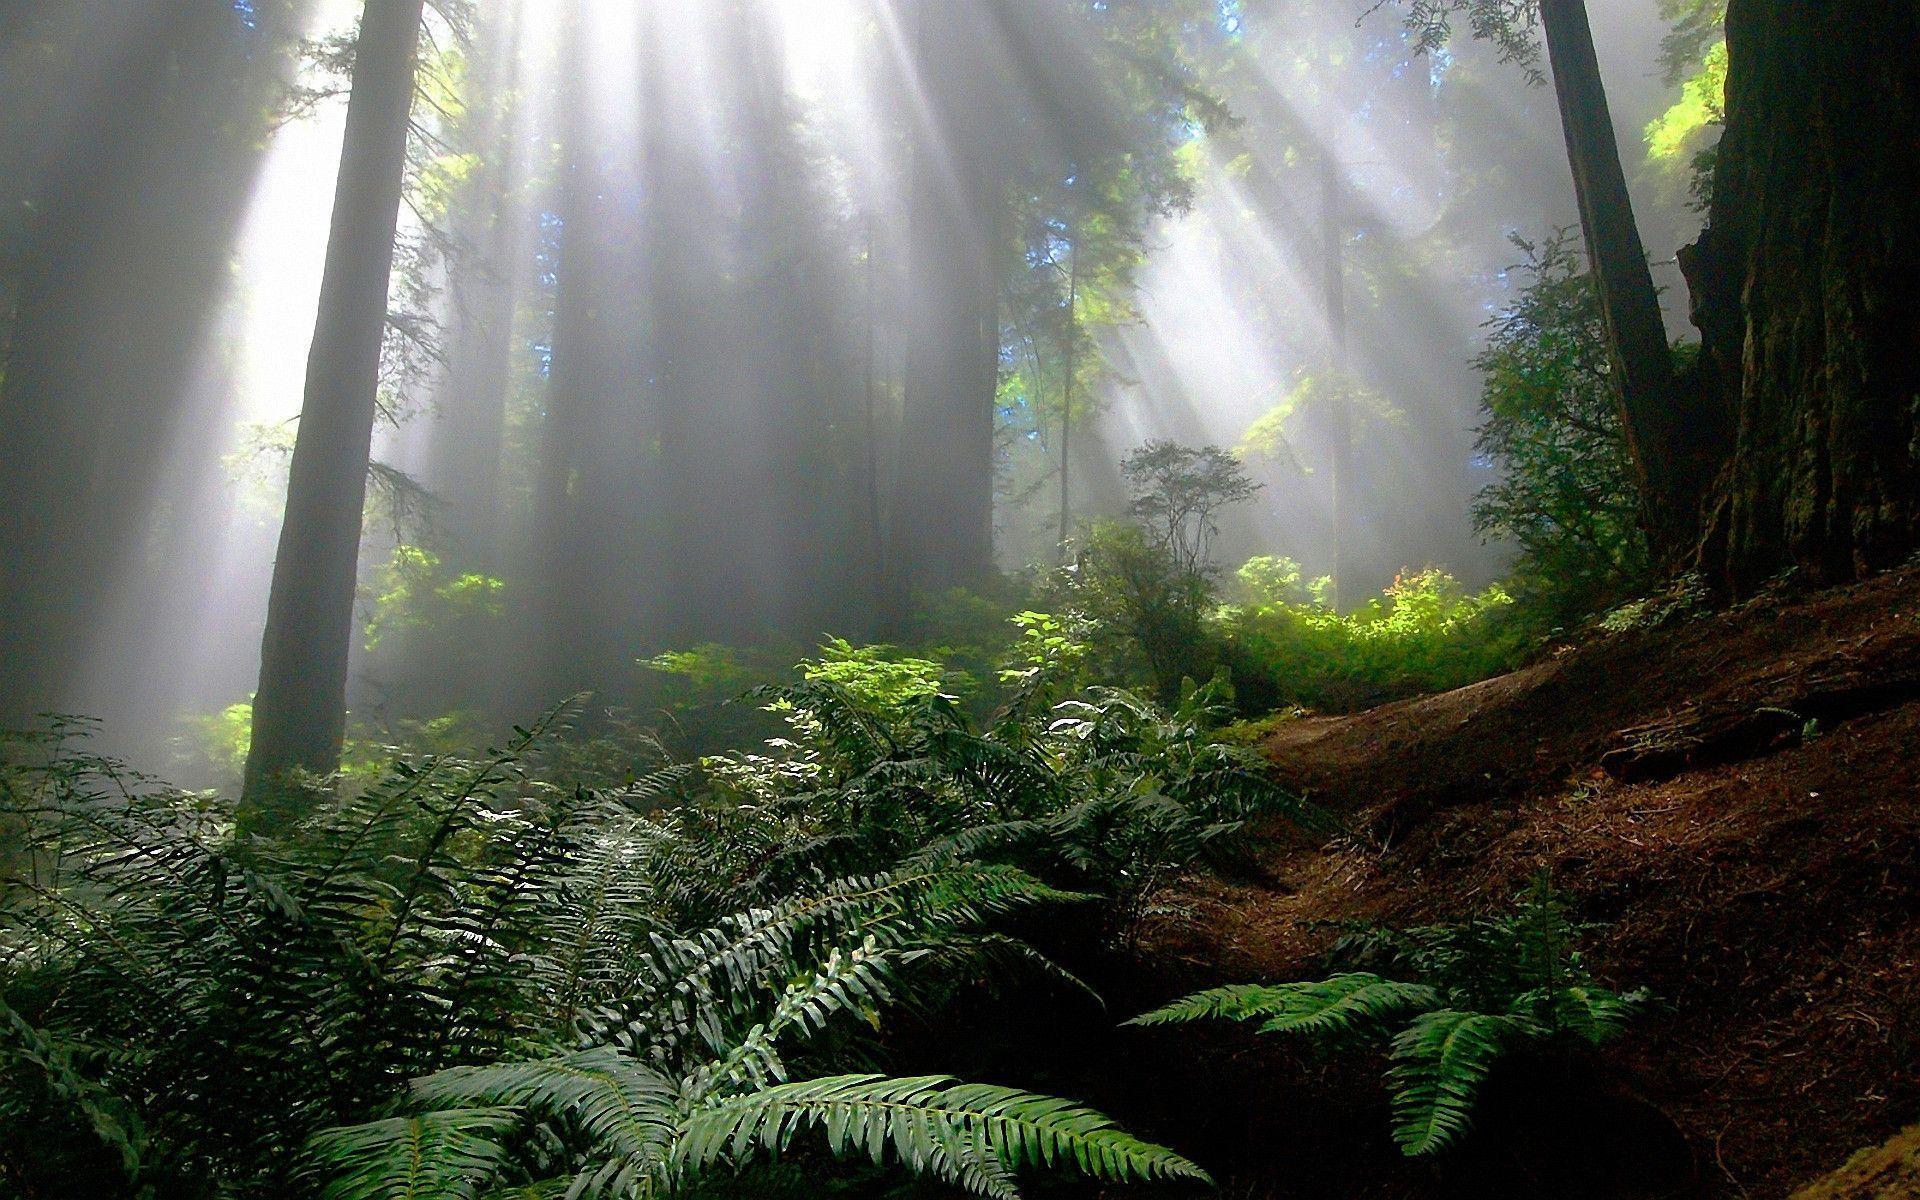 enchanted forest background - photo #4
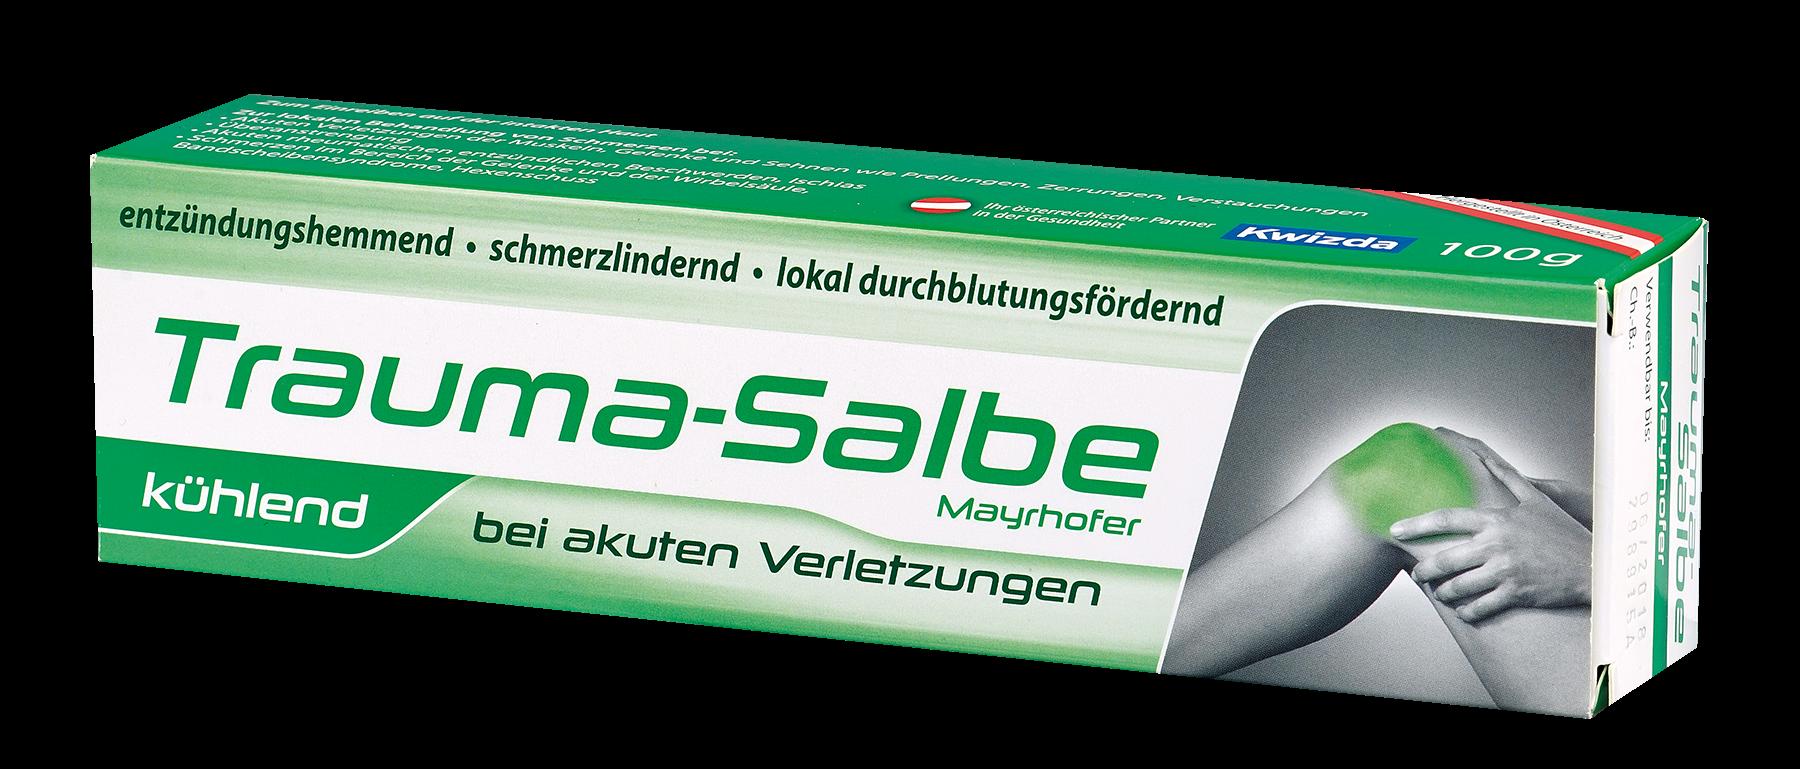 Trauma - Salbe kühlend Mayrhofer
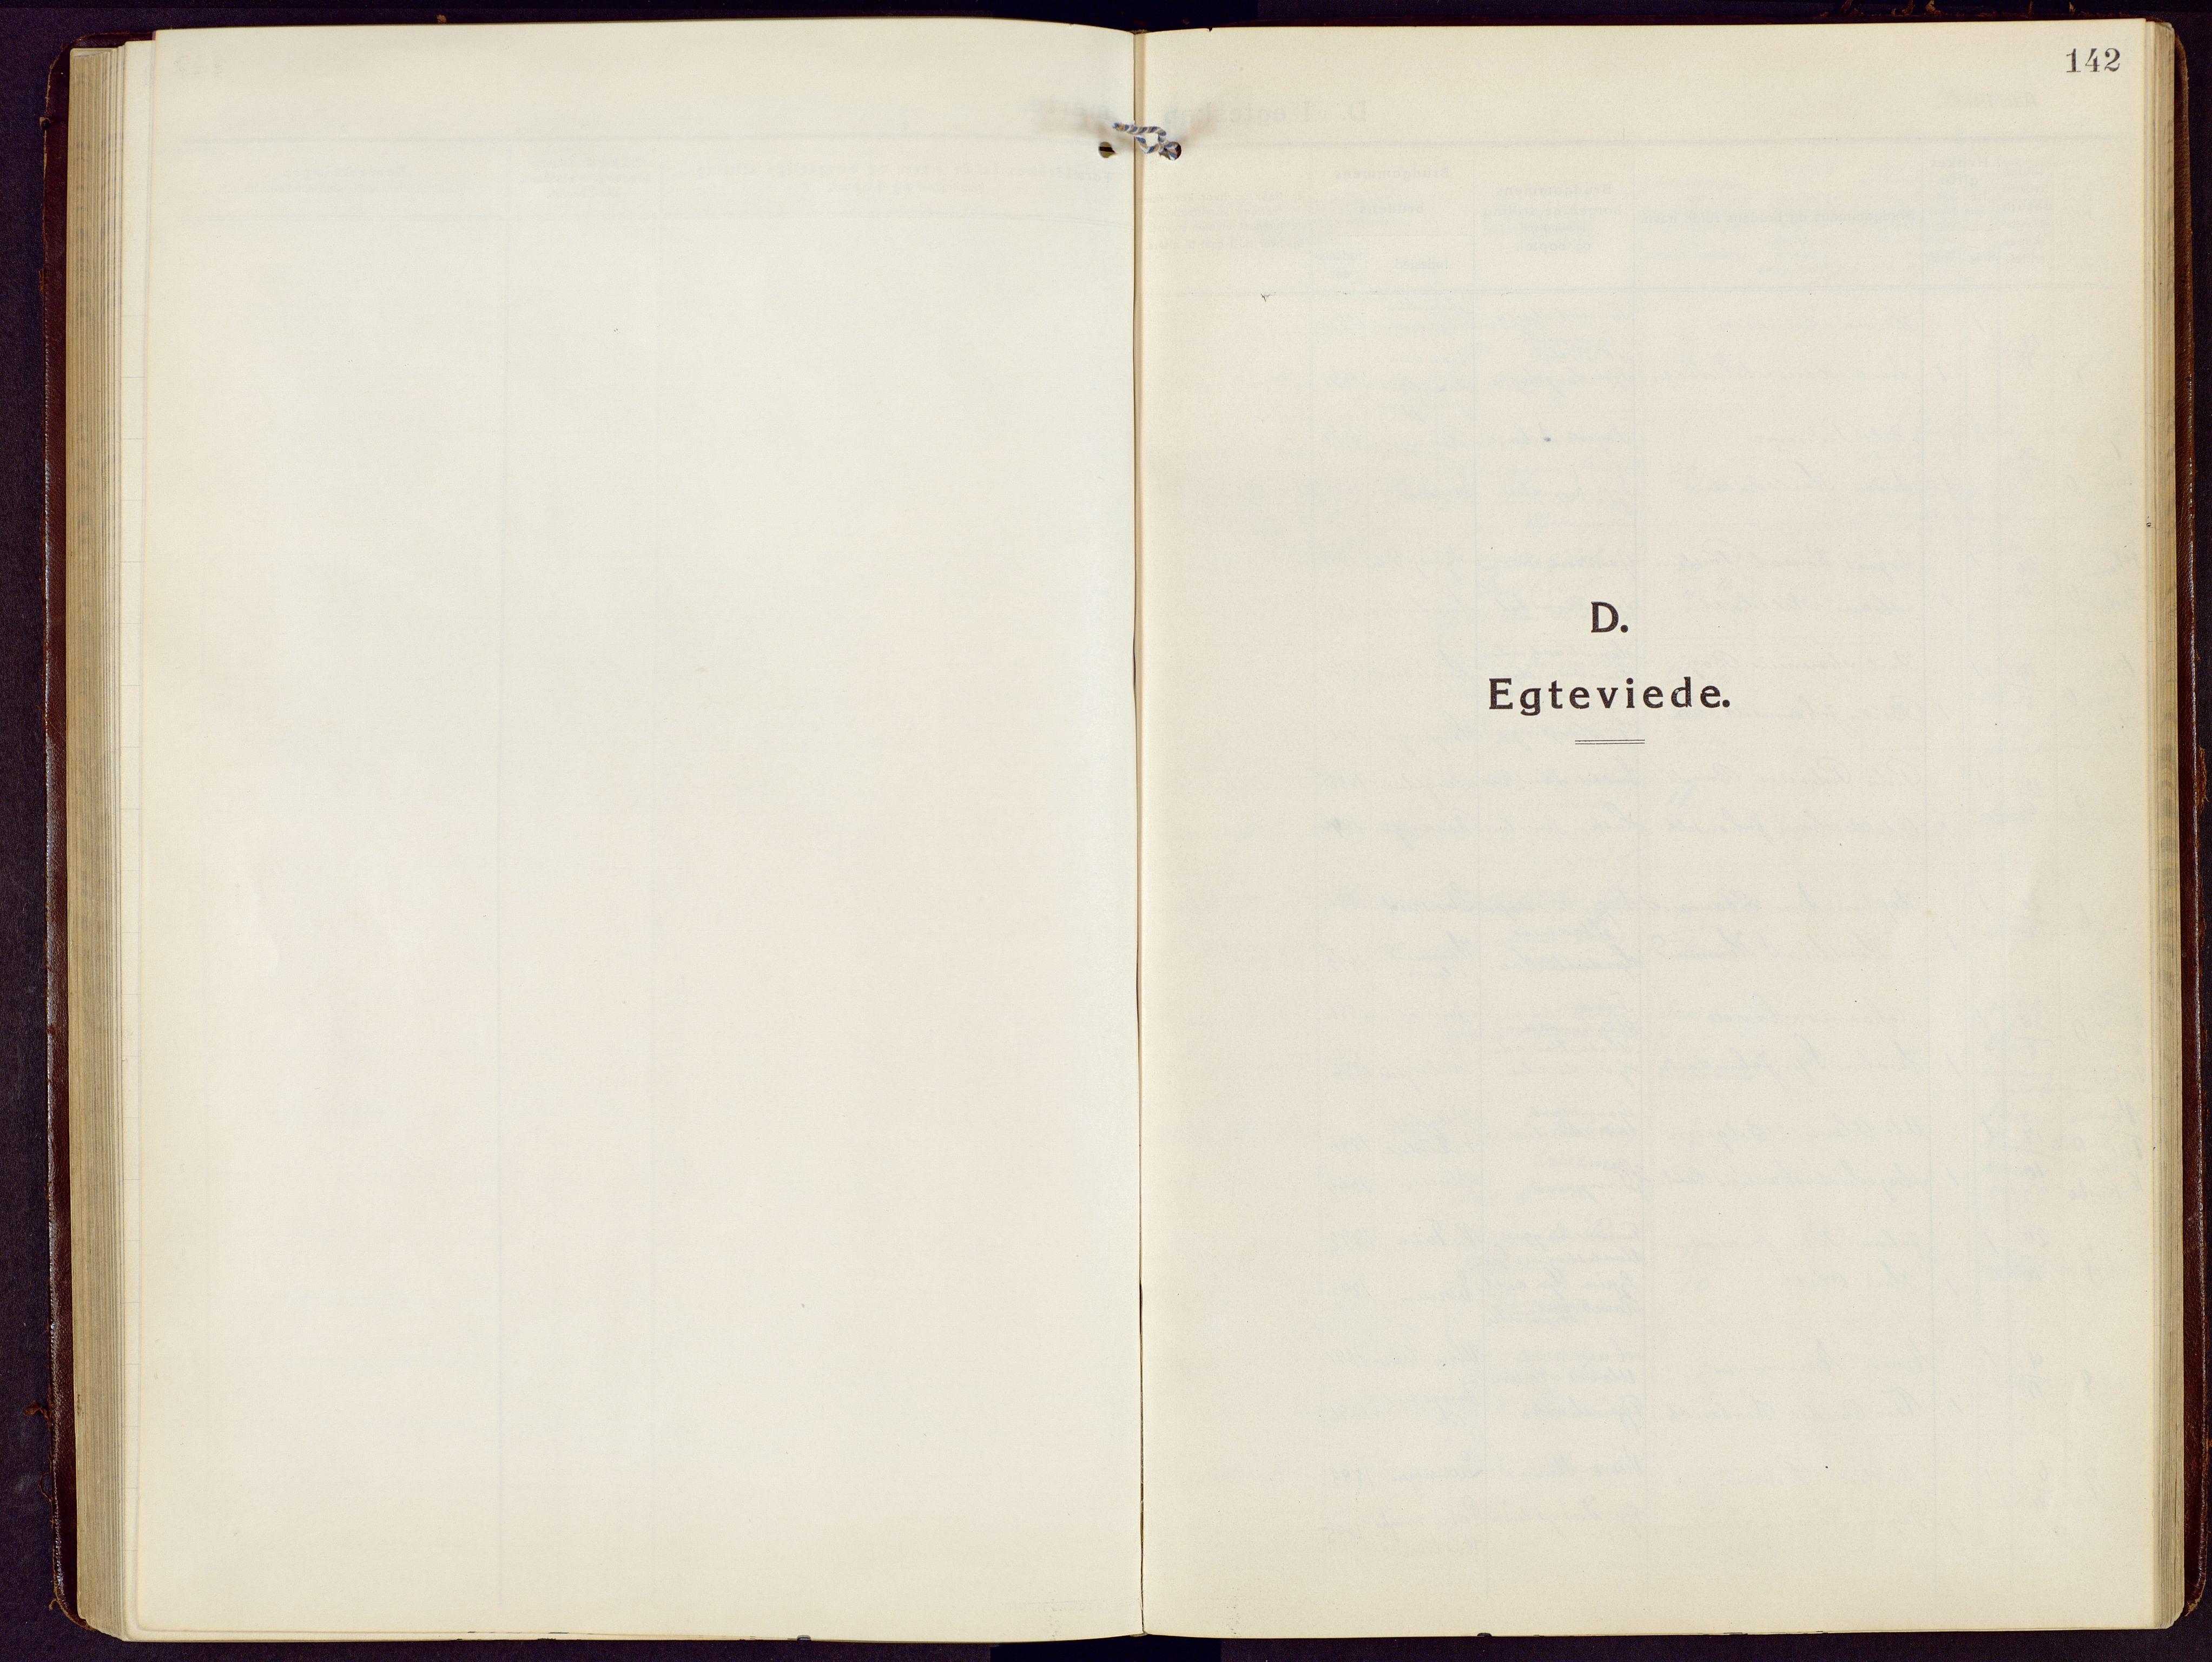 SAH, Brandbu prestekontor, Klokkerbok nr. 10, 1916-1930, s. 142

------------------------------------------------

**What you are asked to do**:
Leaving all pictures aside, print exactly the lines from the one that contains "Trauma - Salbe kühlend Mayrhofer" through the last line of the data above, inclusive.

**Task solution**:
 Trauma - Salbe kühlend Mayrhofer
 SAH, Brandbu prestekontor, Klokkerbok nr. 10, 1916-1930, s. 142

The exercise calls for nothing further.